The vaccine effectiveness against any infection of a booster dose using a switched vaccine type was also examined. For people who received a primary series of CoronaVac, the vaccine effectiveness for a booster dose using BNT162b2 was 31·3% (95% CI –1·0 to 53·3; p=0·056), similar to the values for a booster with the same vaccine (table 4). No significant difference in vaccine effectiveness was found in the estimation of relative effectiveness for the types of booster dose (p=0·86; appendix p 13). The effectiveness of a CoronaVac booster after a primary series of BNT162b2 was not examined because of the small sample size.

For vaccine effectiveness against symptomatic SARS-CoV-2 omicron infection, a booster dose generally showed a similar pattern of effectiveness but conferred a higher level of protection, with vaccine effectiveness of 50·9% (95% CI 31·0–65·0; p<0·0001) for a BNT162b2 booster and 41·6% (15·0–59·8; p=0·0049) for a CoronaVac booster (table 4). A BNT162b2 booster for those who received a primary series of CoronaVac also conferred a similar significant vaccine effectiveness of 55·8% (22·9–74·6; p=0·0040) against symptomatic infection (table 4). The relative vaccine effectiveness against symptomatic infection between CoronaVac and BNT162b2 was not significant (appendix p 13).

To address the potential confounding effect of differential vaccine coverage in subpopulations, the age-specific effectiveness of different vaccine types was further examined.
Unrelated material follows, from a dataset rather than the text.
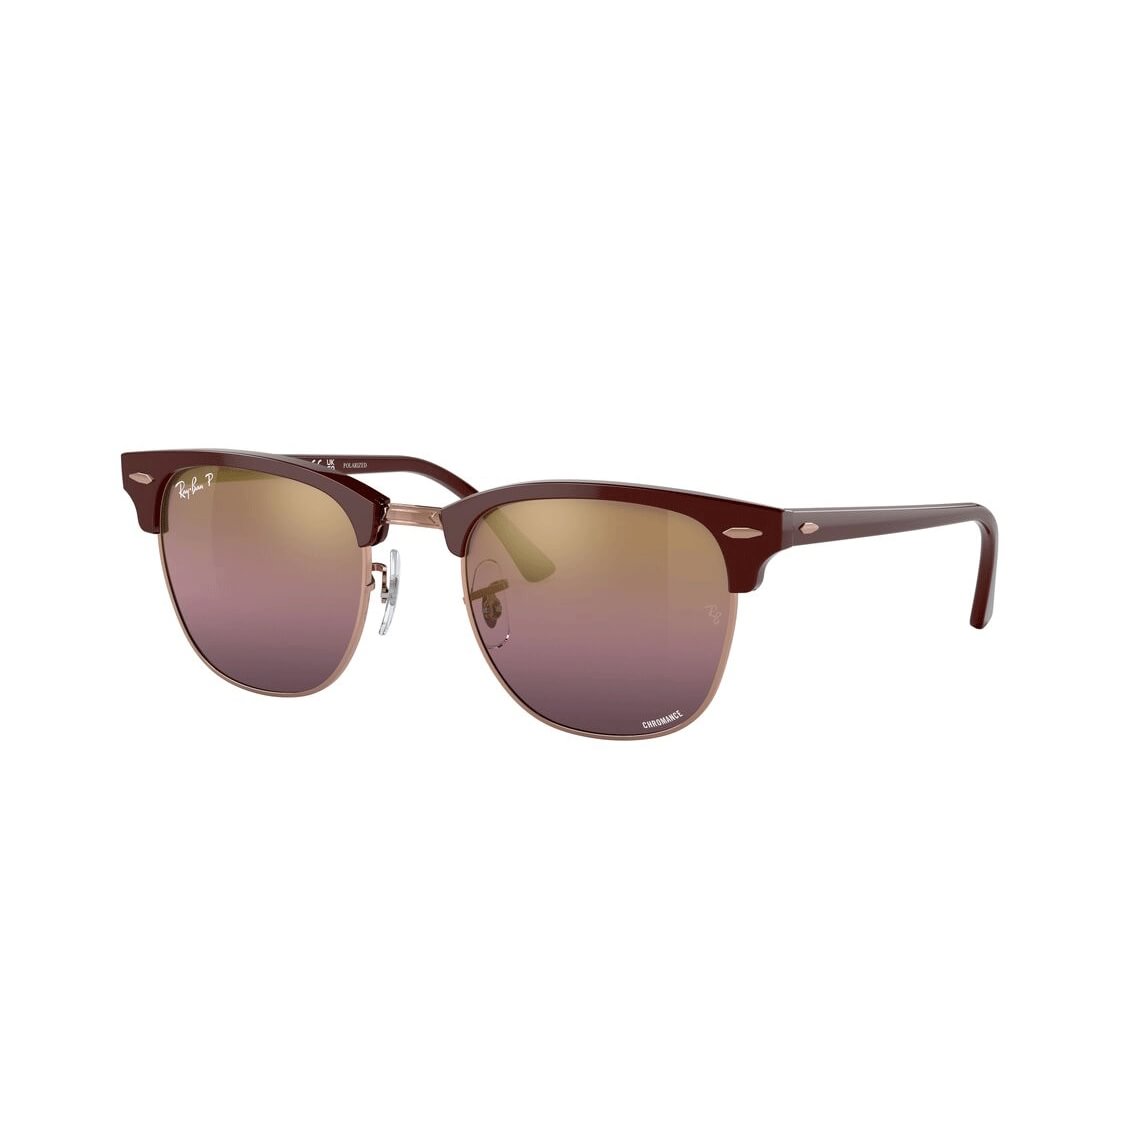 Ray-Ban Clubmaster RB3016 1365G9 5121

For all SARS-CoV-2 omicron infections, a similar non-significant protection of the first dose and primary series within 3 months was observed across all age groups (appendix pp 17, 20, 23). For adults aged 18–59 years, we observed no significant protection for the first dose of BNT162b2 (20·4%, 95% CI –30·9 to 51·6; p=0·37), first dose CoronaVac (–0·6%, –72·2 to 41·3; p=0·98), two BNT162b2 doses within 3 months (35·3%, –4·2 to 59·8; p=0·073), two CoronaVac doses within 3 months (38·2%, –19·5 to 68·0; p=0·15), or a second dose received beyond 3 months (2·5, –29·0 to 26·2; p=0·86 for BNT162b2 and –3·0, –45·9 to 27·3; p=0·87) for CoronaVac; appendix p 17). Significant protection was only observed for those who received a BNT162b2 booster vaccine, with a vaccine effectiveness of 42·1% (19·5 to 58·4; p=0·0012; appendix p 17). For symptomatic SARS-CoV-2 omicron infection, the significant protection of a BNT162b2 booster was also maintained, with a slightly higher vaccine effectiveness of 51·6% (27·7 to 67·6; p=0·0004) for those receiving a BNT162b2 primary series and 60·0% (20·8 to 79·8; p=0·0085) for those receiving a CoronaVac primary series.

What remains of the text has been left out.